Where an image appears in the data, omit it and reproduce the rest exactly.

**DATA SEGMENT:**
====
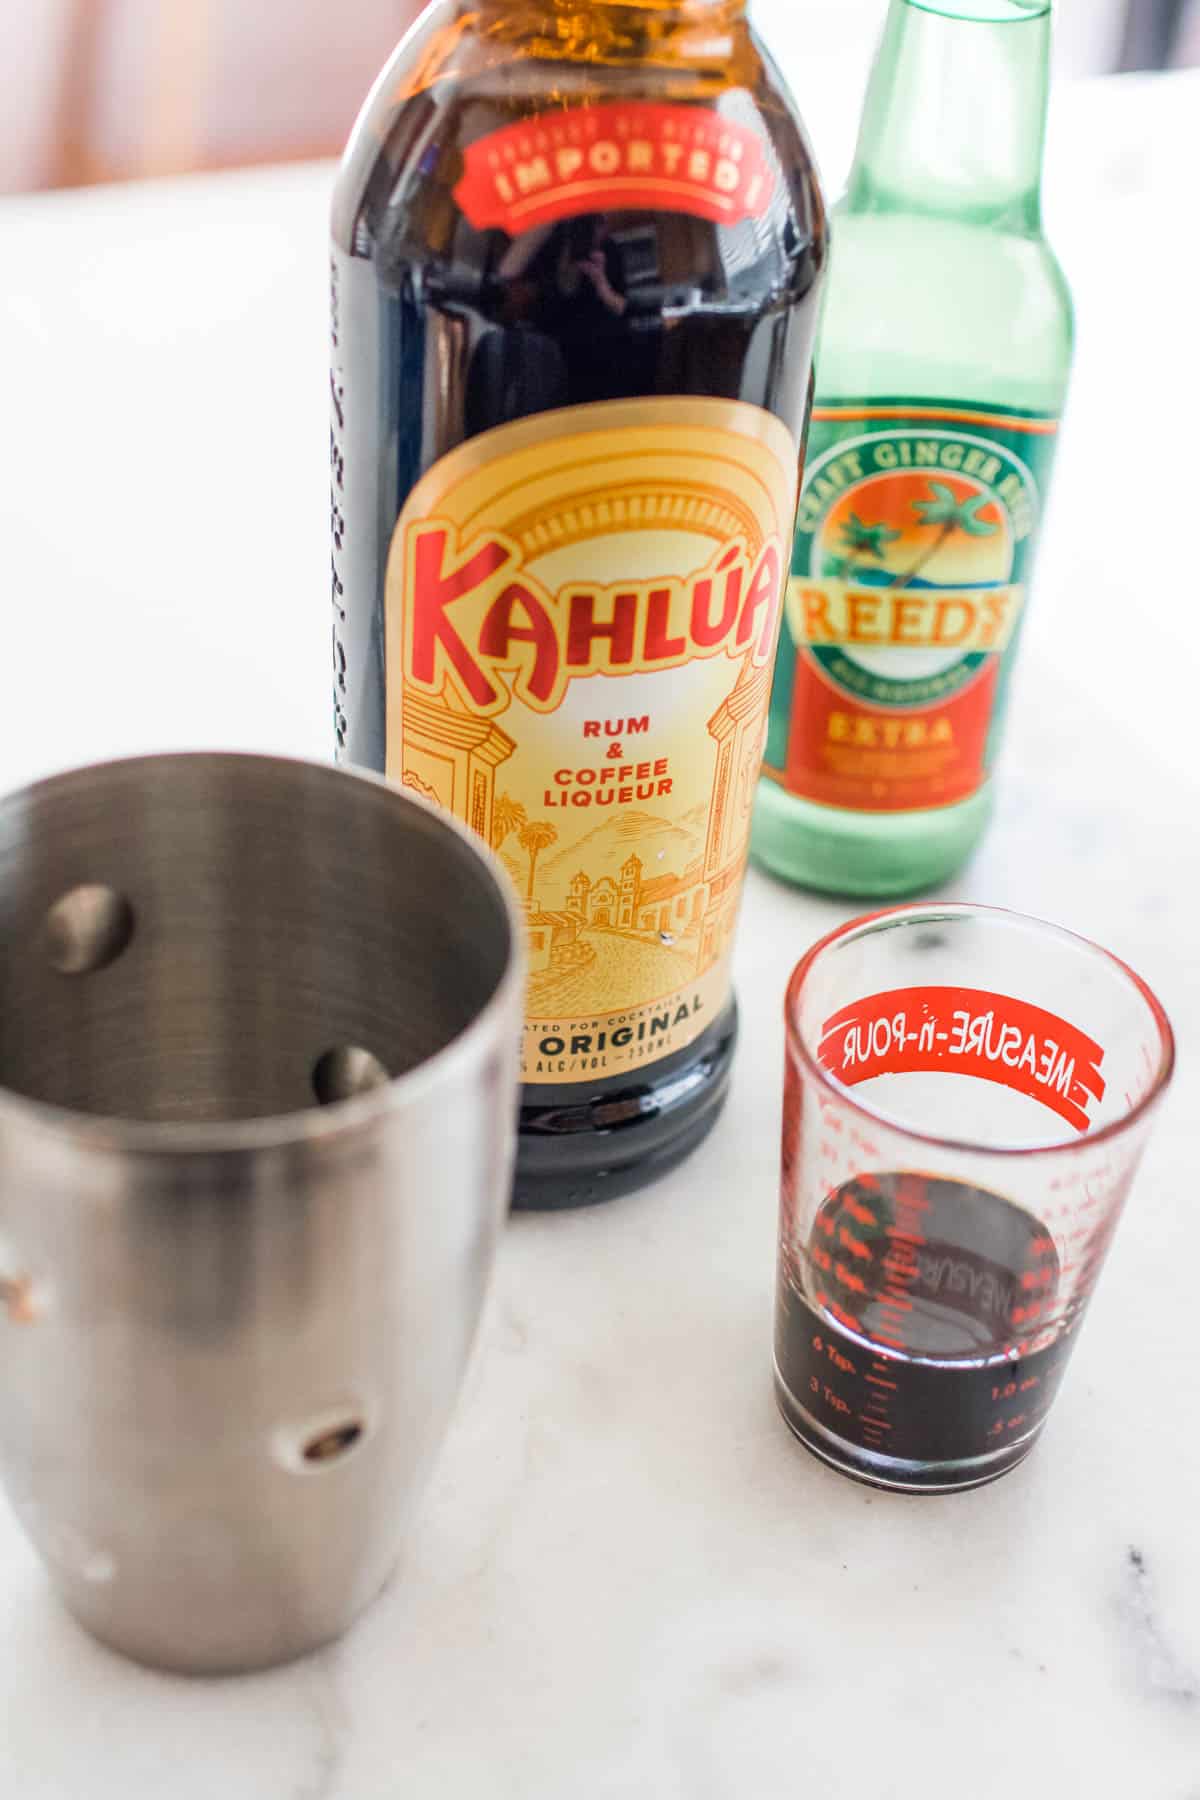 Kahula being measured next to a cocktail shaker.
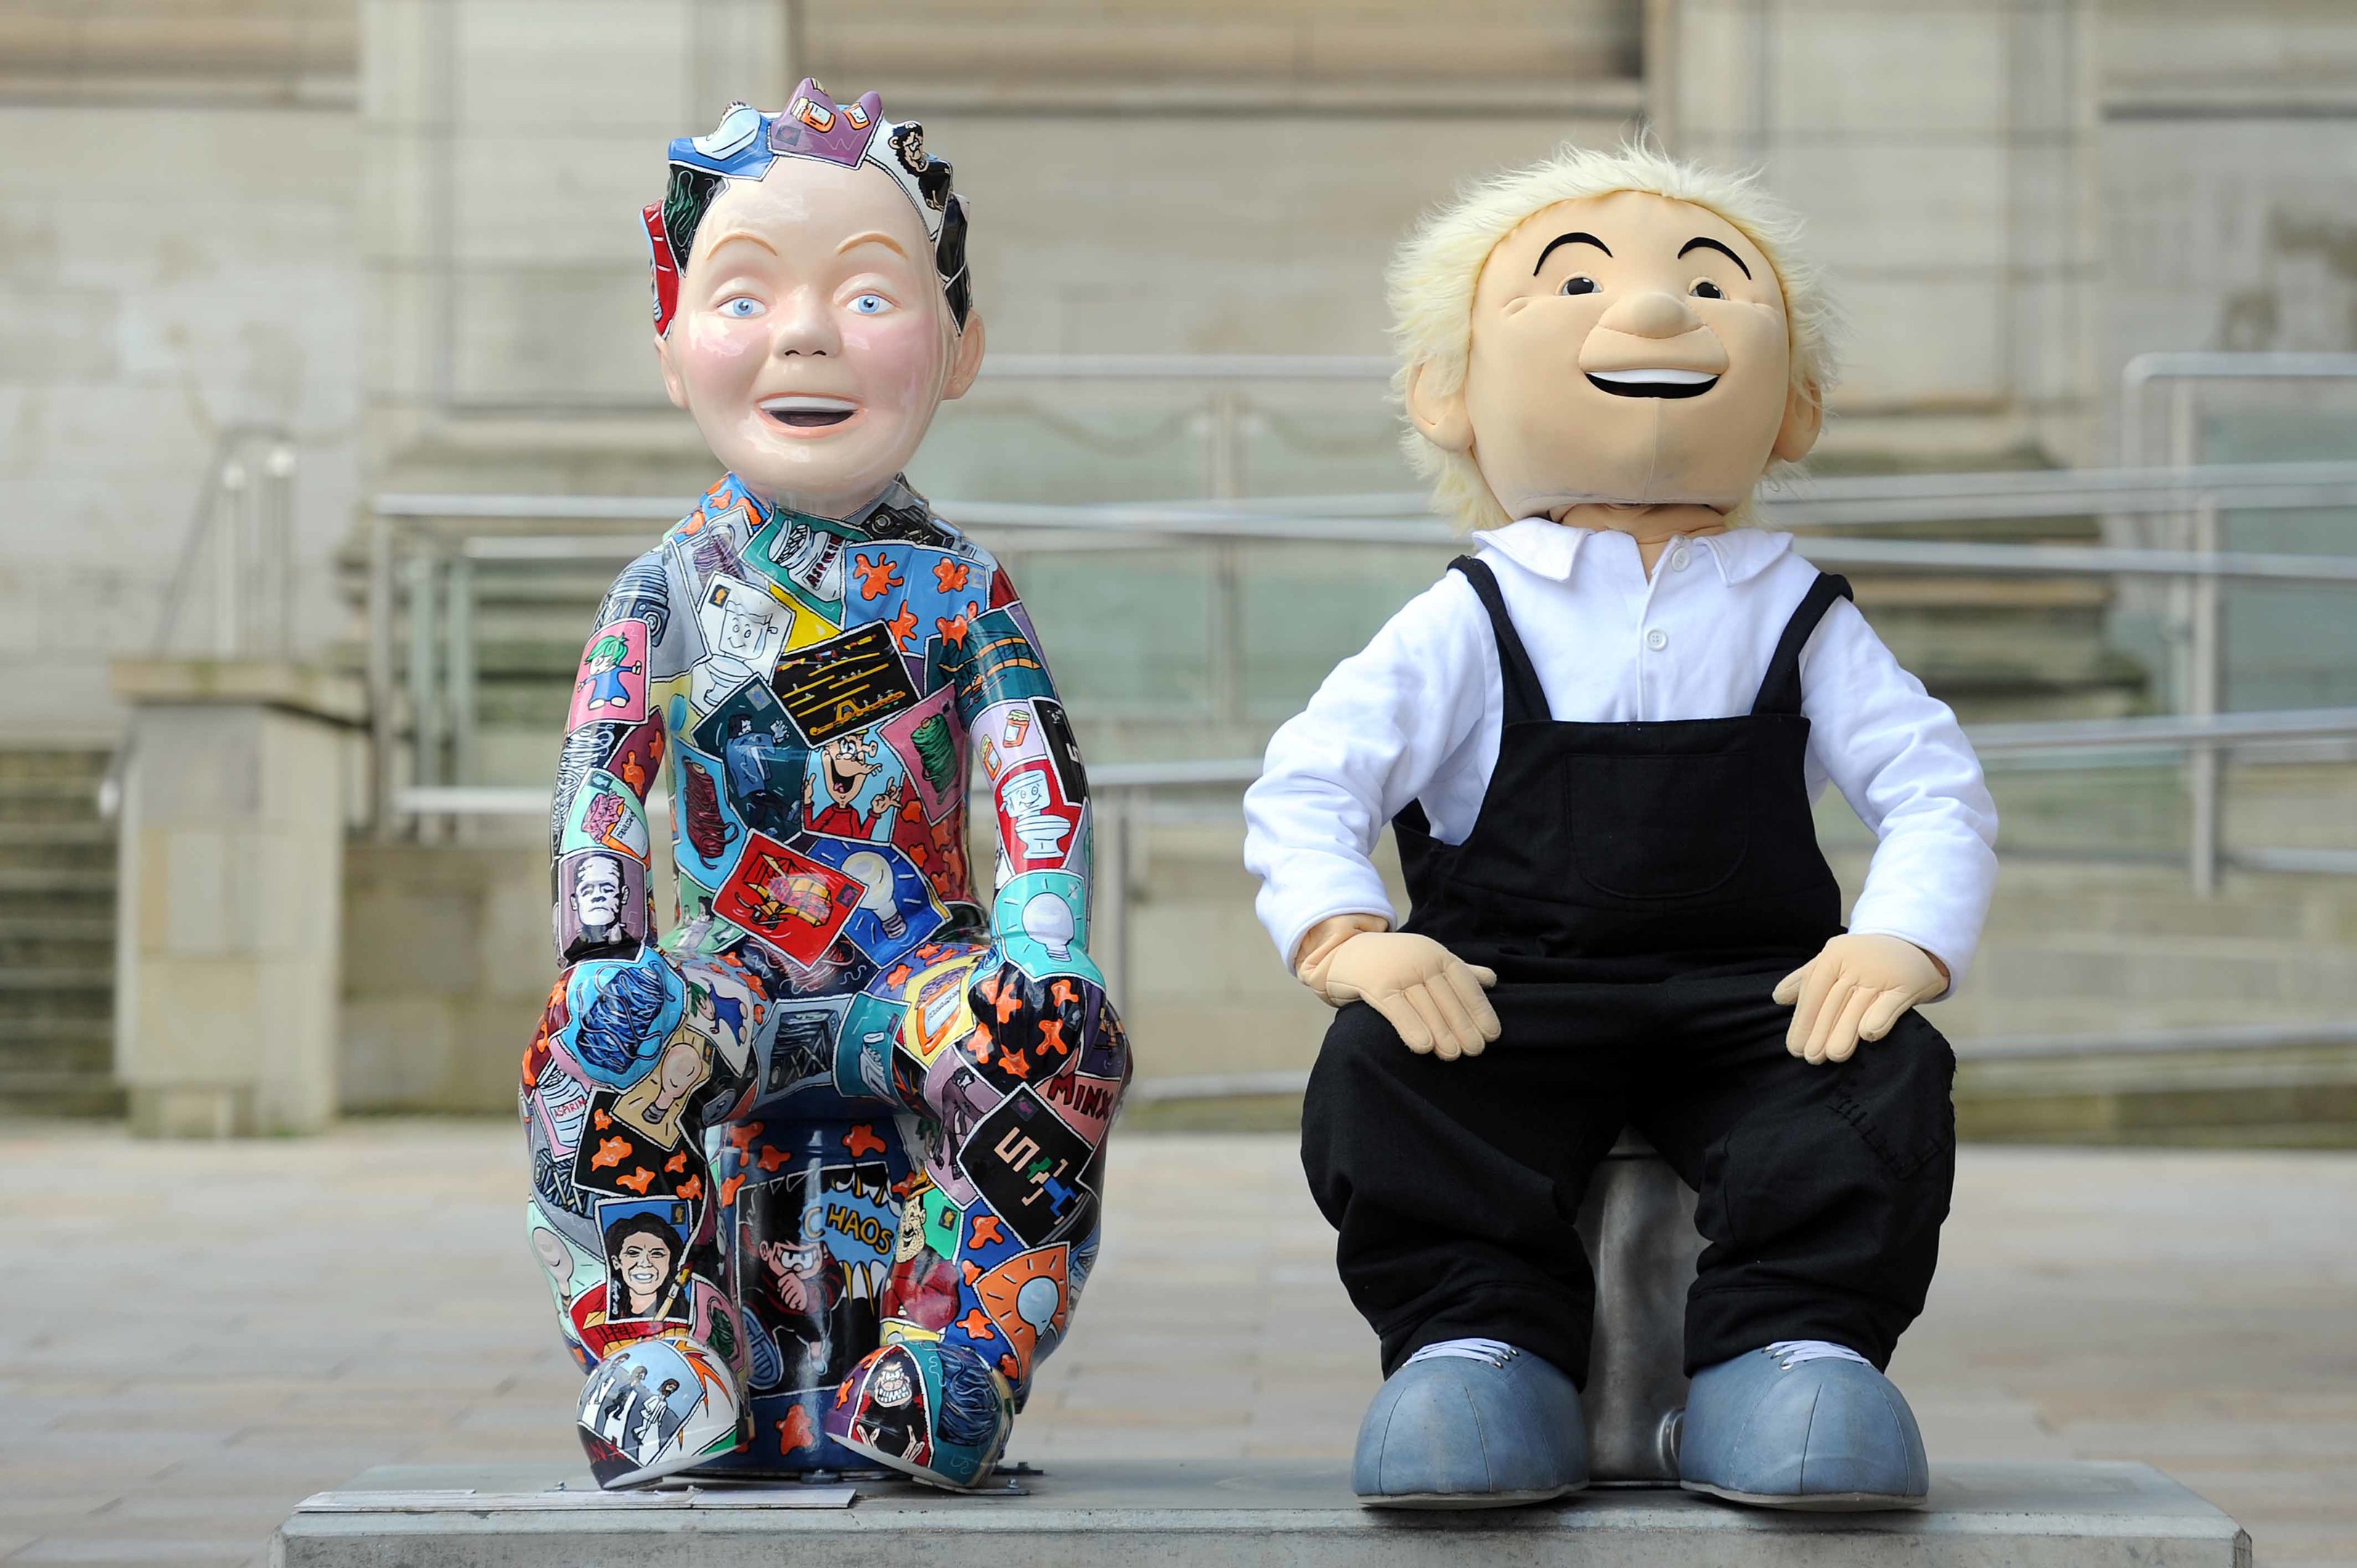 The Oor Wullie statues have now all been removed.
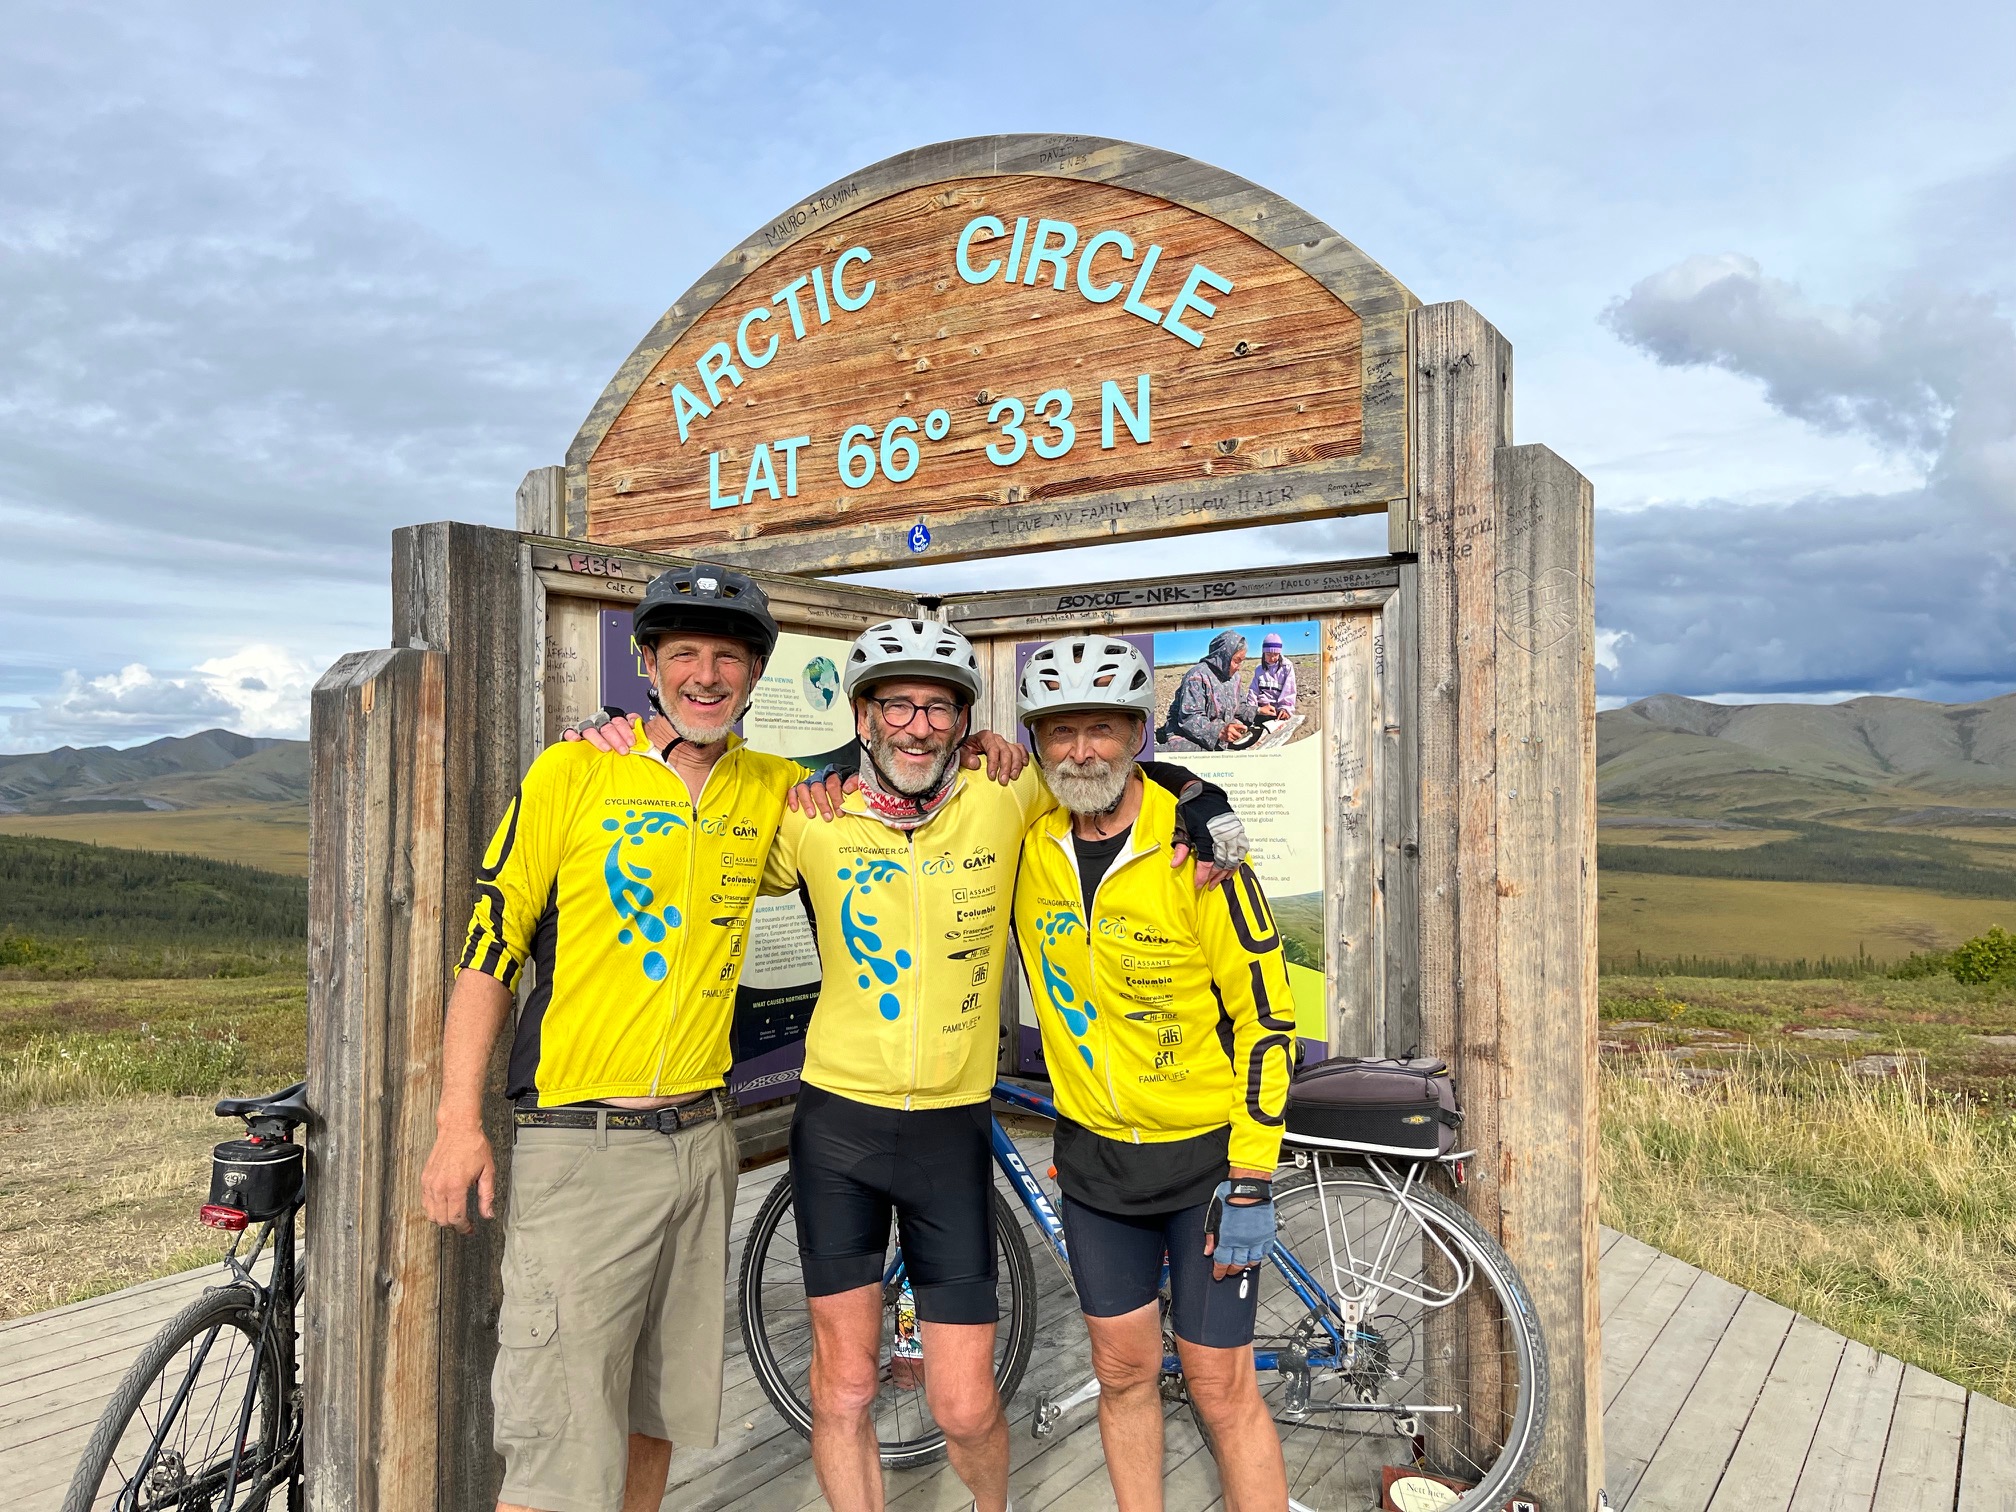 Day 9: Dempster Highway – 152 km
====
**SOLUTION TO THE EXERCISE:**
 Kahula being measured next to a cocktail shaker.
 The Oor Wullie statues have now all been removed.
 Day 9: Dempster Highway – 152 km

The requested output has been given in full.